GIVEN MATERIAL —
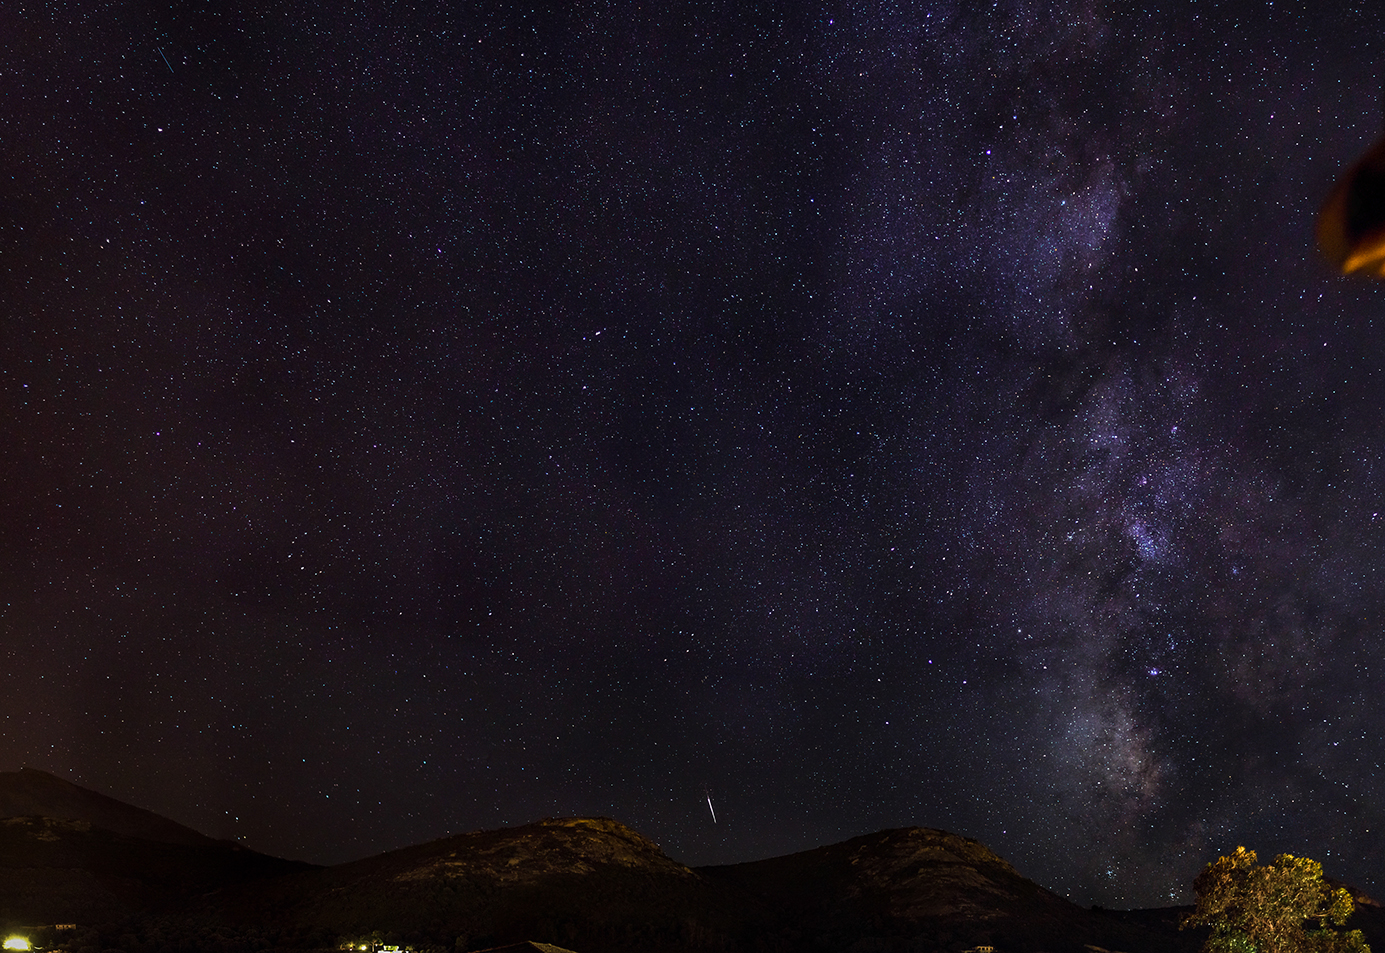 astrophotographie du ciel Corse, immortalisant une étoile filante
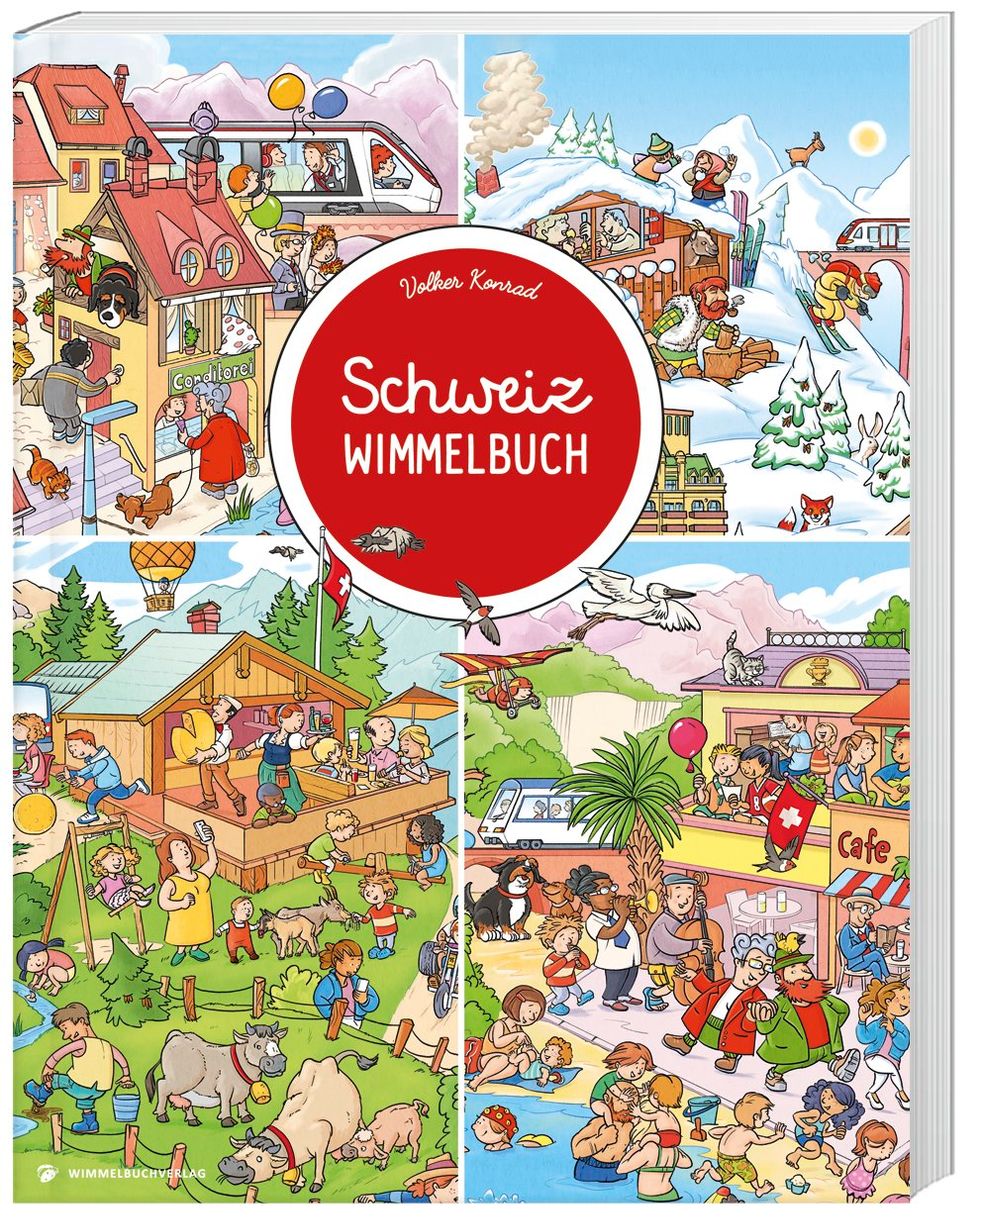 Schweiz Wimmelbuch Buch als günstige Weltbild-Ausgabe kaufen
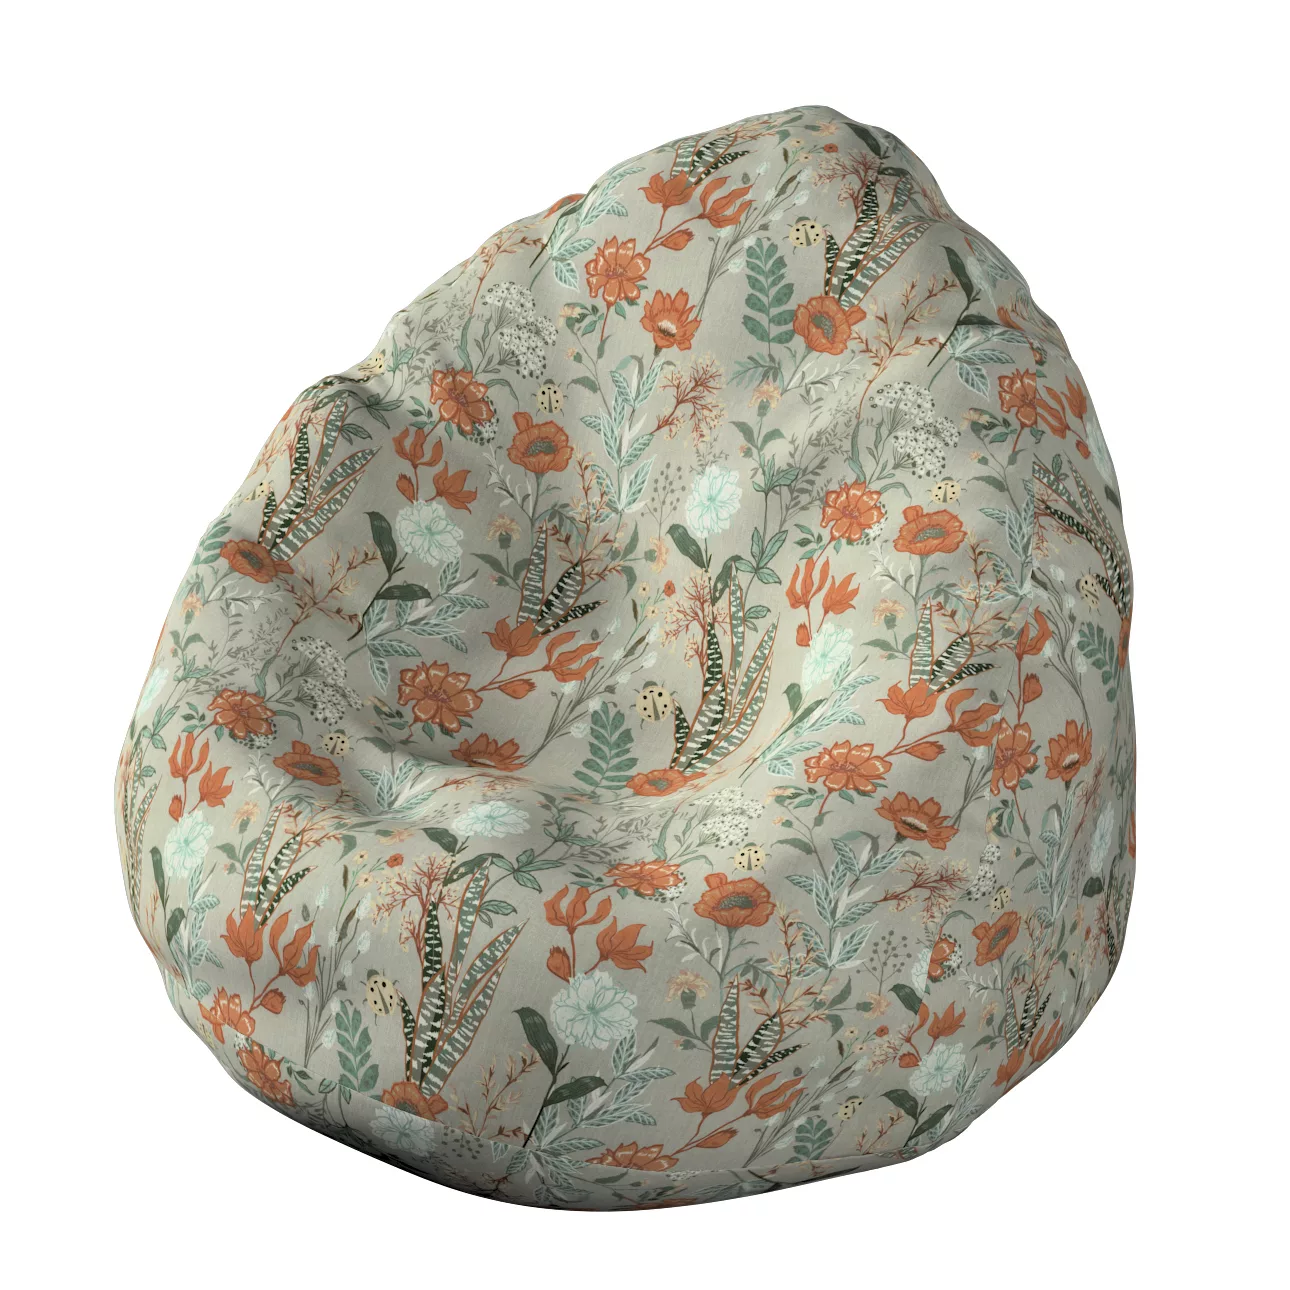 Bezug für Sitzsack, grau-orange-grün, Bezug für Sitzsack Ø80 x 115 cm, Flow günstig online kaufen

ACTIVITY —
Without including the pictures, copy all of the data exactly.

RESULT —
 astrophotographie du ciel Corse, immortalisant une étoile filante
 Schweiz Wimmelbuch Buch als günstige Weltbild-Ausgabe kaufen
 Bezug für Sitzsack, grau-orange-grün, Bezug für Sitzsack Ø80 x 115 cm, Flow günstig online kaufen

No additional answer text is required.